The road looked different burdened with roadside brush and over-arched by heavy-leaved trees, but this had certainly been it. Her legs prickled with sweat. Blackberries were ripening in the fearsome tangled briars along the road, canes springing higher than her head. And that was the house, more modest and much more weatherbeaten than the house she had glimpsed in the winter but the only candidate; she turned into the dusty driveway, where a new car was parked, a big convertible in two nameless shades of green. Kit dismounted and dropped the bike. The silence was deep, the cicadas warning her; she walked around the front of the house, where the blinds were drawn, through a stand of lilacs, to a broad backyard.
He was working in the garden, feet bare, cuffs of his blue serge pants rolled up and a sleeveless undershirt dark with sweat. He waved a greeting, smiling, making Kit think of Soviet farmers in photographs.
The Family of Man. Dusting his hands on his pants, he came to her.
She greeted him in Russian, feeling suddenly foolish; and he returned it to her, graciously. He offered her his hand, seeming to be unsurprised somehow but delighted: her own hand felt crushed within the heat and strength of his. She smelled him.
“Kyt,” he said.
“I came out to see you,” she said, not having meant to say that, having meant to say that she was out and about and just happened to be passing. He nodded and spread his hands as though to offer her what lay around them: his part of the house, with its jalousie or screened porch; a picnic table of gray wood; the brown yard and brick path. The garden.

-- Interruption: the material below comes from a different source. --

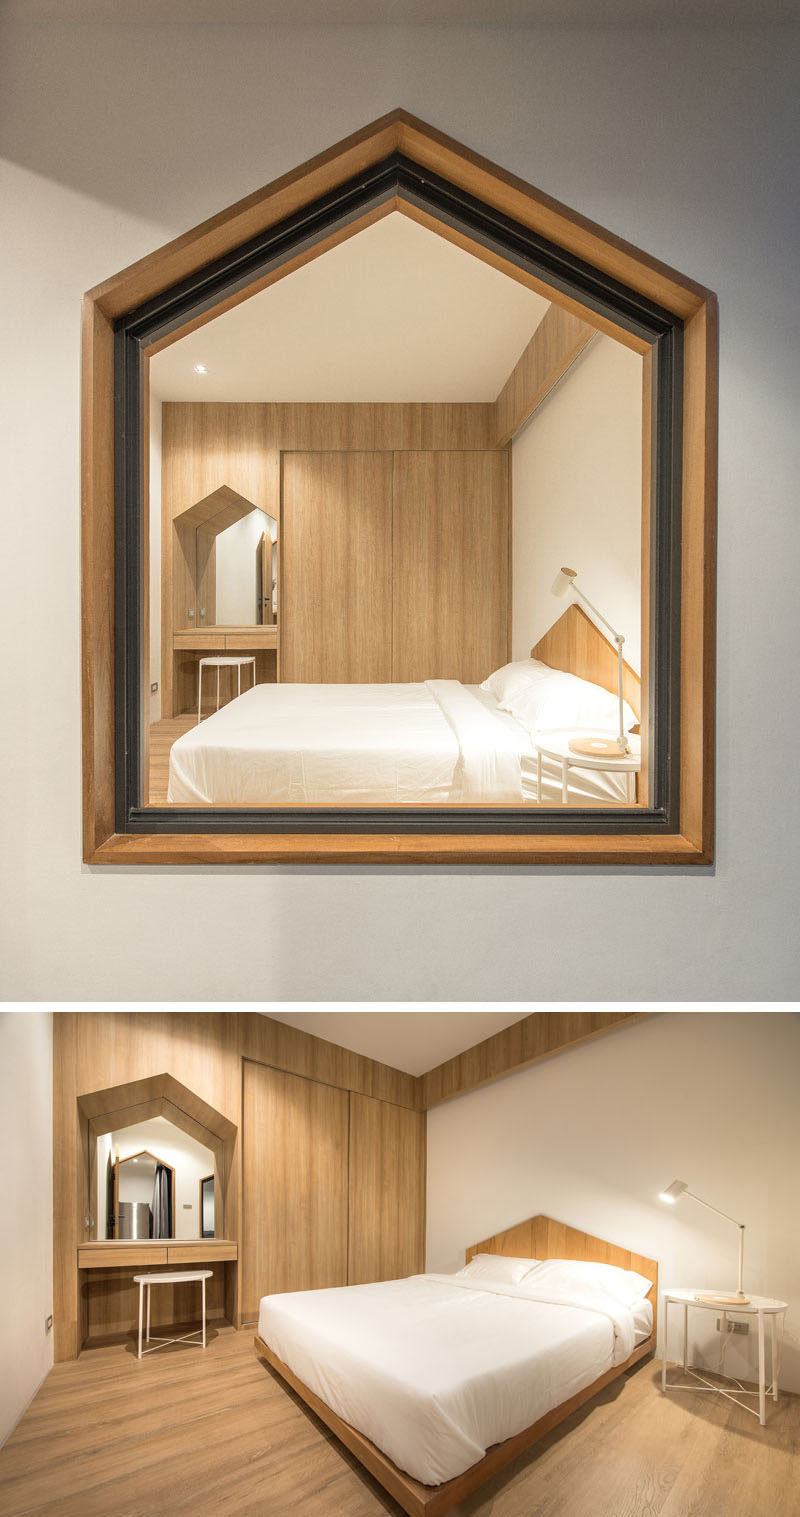 Оконная рама, встроенный стол и изготовленный на заказ каркас кровати в этой современной спальне имеют один и тот же остроконечный элемент дизайна. # Фазон # Спальня # Окно

“What are you growing?” she asked.
“I am not growing,” he said. “Ah. What have I planted, you are asking. Yes. Well.” He took her hand, and led her to the neat rows, where green things were coming up, rows of this kind, rows of that. “I have tomatoes, cabbage,” he said. “Here. And carrots. Potatoes.”
“Potatoes?” She knew of no home gardeners who grew potatoes, but how many had she known? She thought of Marion, bent over her cucumbers and radishes, one eye closed against the rising smoke of her Pall Mall.